The CEDAR Workbench microservices are implemented in Java using the Dropwizard framework (http://www.dropwizard.io), while the front-end is implemented in AngularJS (http://angularjs.org).

2.2 Main Features

The overarching objective of the CEDAR Workbench is to make it easier and faster for users to annotate datasets with metadata. We target this goal by allowing users to build modular, customized metadata templates that can be filled out to create metadata.

Resource Manager.

The Resource Manager is the primary front-end component. Using this tool, users can create templates and folders, search for metadata and templates, populate templates, and share resources.

Template Designer.

In the Template Designer (Fig. 2), users can assemble metadata templates from other templates or fields. There are numerous field types and template formatting options available to template designers.

Fig. 2.
figure 2

Screenshot of the Template Designer loaded with a CEDAR template for a BioSample metadata submission. The annotated items in the screenshot are: (A) button to visualize the JSON Schema code corresponding to the template; (B) button to add terms from ontologies to annotate the template; (C) template element, which is collapsed and named; (D) button to add properties from ontologies to annotate the element; (E) fields that compose elements and templates; (F) element nested within an element; (G) field type options (in sight: text, paragraph, date, number, and a trigger for more options); (H) button to search for template elements to add.

BioPortal Lookup Service.

The CEDAR Workbench provides an interactive lookup service linked to BioPortal. This service allows template designers to find sets of ontology terms to annotate templates and fields—that is, to add type and property assertions using ontology classes and properties. Users can also specify that the possible values of fields must correspond to ontology terms. The classes and object, data, or annotation properties for performing these annotations can be selected from terms in BioPortal ontologies. When appropriate terms to do not exist, users can create new terms and value sets dynamically at template design-time (Fig. 2). Upon creating a new term, users can map it to existing terms in BioPortal ontologies using SKOS (http://www.w3.org/TR/skos-reference) properties [19].

Intelligent Authoring.

To decrease metadata authoring time, we implemented a value recommendation feature that provides context-sensitive suggestions for input field values [20]. The value recommender learns associations between data values in metadata submissions, computes suggestions based on these associations, and presents the suggestions to metadata authors. The suggestions are ranked according to their applicability for each specific field.
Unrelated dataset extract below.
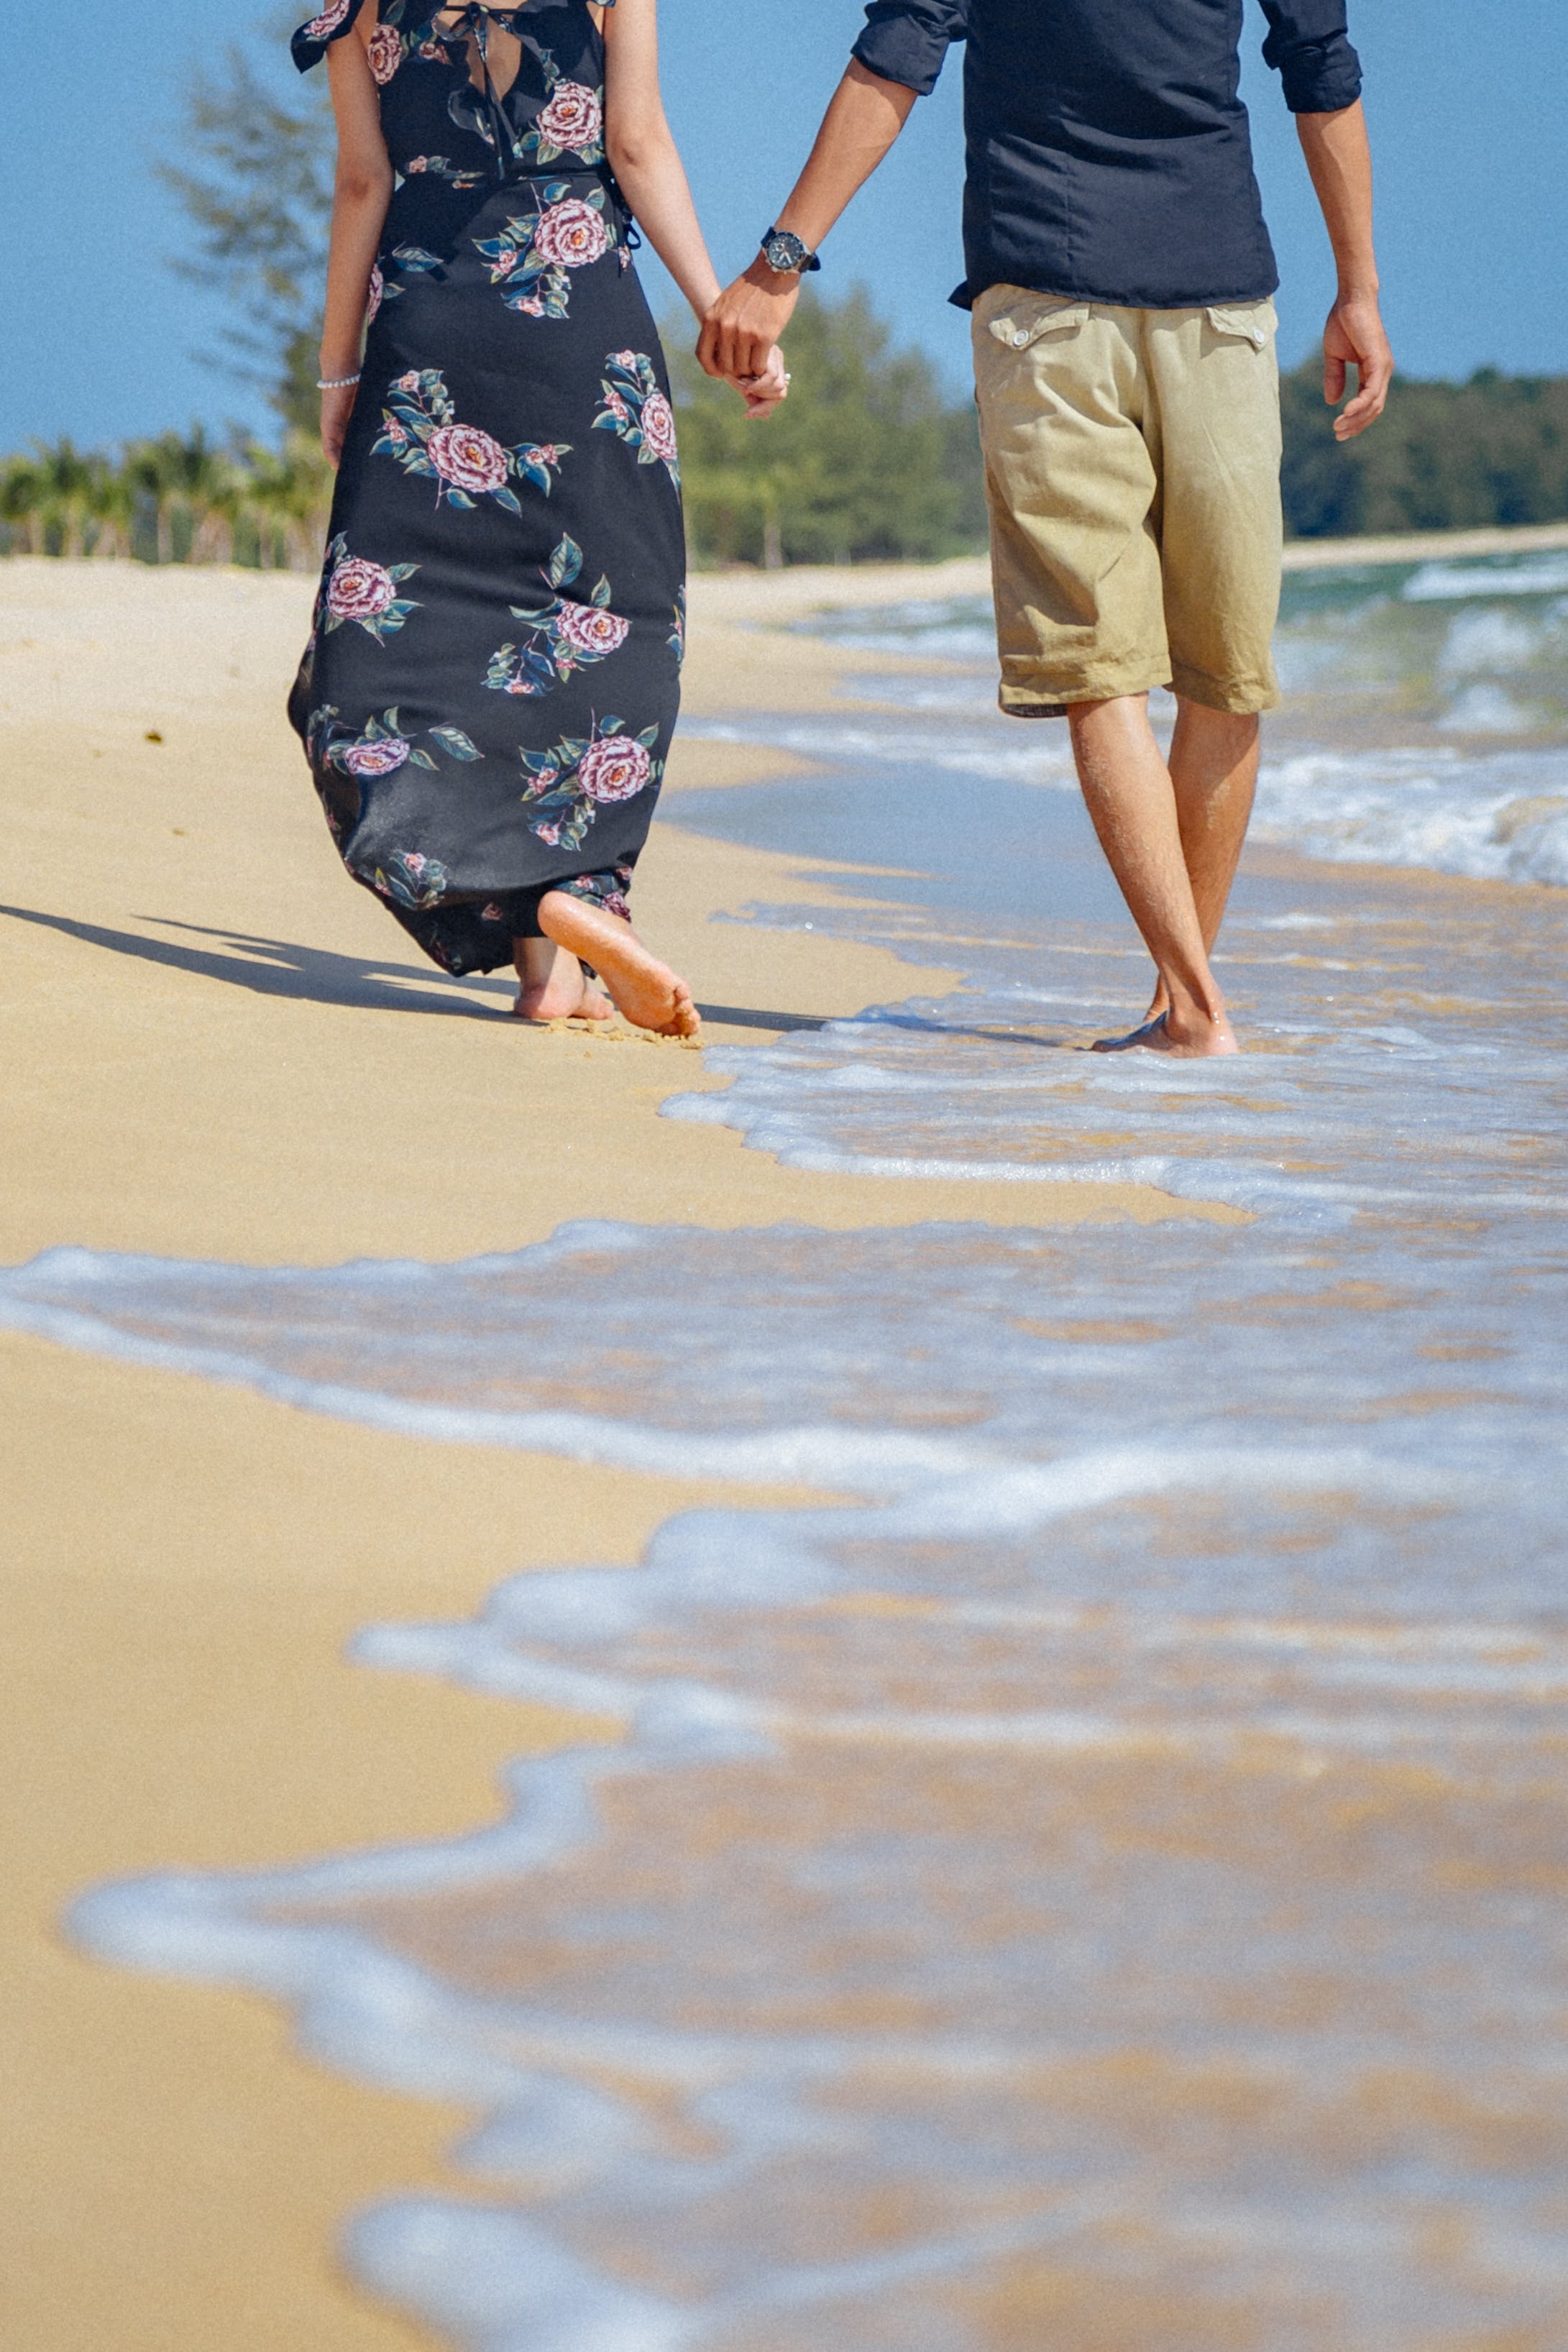 A couple holding hands while strolling on the beach. | Source: Pexels

During metadata entry, users are prompted with drop-down lists and auto-complete suggestions given by the value recommender.

Metadata Editor.

The Metadata Editor is designed to facilitate rapid entry of metadata. This tool generates a streamlined, form-based acquisition interface based on a metadata template definition. Filling in metadata using the Metadata Editor is made easy with suggestions provided by the value recommender. When field values are constrained to a set of ontology terms, users select a term from the generated list of possible values with minimal effort.

Validation.

With better metadata quality in mind, we designed validation features to improve the output of our tools. Metadata entered through CEDAR templates are automatically validated against the corresponding template’s JSON Schema model to get immediate feedback regarding structural errors (e.g., a user enters a numeric value in a field where an ontology term is expected). Additionally, metadata can be validated against some existing, external validation service (such as a REST endpoint) that is provided as a parameter to CEDAR at template design-time. For example, the NCBI BioSample Validator [3], which validates the format and content of metadata submissions to BioSample, can be used with the BioSample template shown in Fig. 2.

Collaboration.

The CEDAR Workbench provides a highly-collaborative environment, where users can create groups composed of their team members. Users can share all types of resources with individual users, among groups of users, or with the entire CEDAR community. When sharing resources, users can restrict access to these with common read/write permissions.

REST API.

CEDAR REST APIs provide full access to the CEDAR ecosystem. Users can leverage the CEDAR API to export templates or metadata to other applications or repositories. The REST API is documented using Swagger and is described at https://metadatacenter.org/tools-training/cedar-api.

2.3 Community Uptake

The CEDAR Workbench is used by several communities. The problems these communities face are primarily related to producing and managing FAIR metadata. In particular, the formats and tooling employed are based on spreadsheets that have no strict linkage to ontology terms. The Library of Integrated Network-Based Cellular Signatures (LINCS, http://www.lincsproject.org) is using CEDAR tools to build an end-to-end solution to submit data and metadata to the LINCS repository. The Human Immunology Project Consortium (HIPC, http://www.immuneprofiling.org) is implementing end-to-end workflows using the CEDAR Workbench to acquire and validate precisely-defined metadata entered by their users, which are then submitted to the BioSample or ImmPort repositories [21]. The Stanford Digital Repository (http://sdr.stanford.edu) in the Stanford University Libraries is testing the use of CEDAR templates for authoring metadata in several of their projects. These groups have encoded minimum information models as CEDAR templates, which they use in their submission pipelines. Note that none of these communities used ontology terms at all when authoring metadata. CEDAR helped to introduce semantics to the work that these groups carry out.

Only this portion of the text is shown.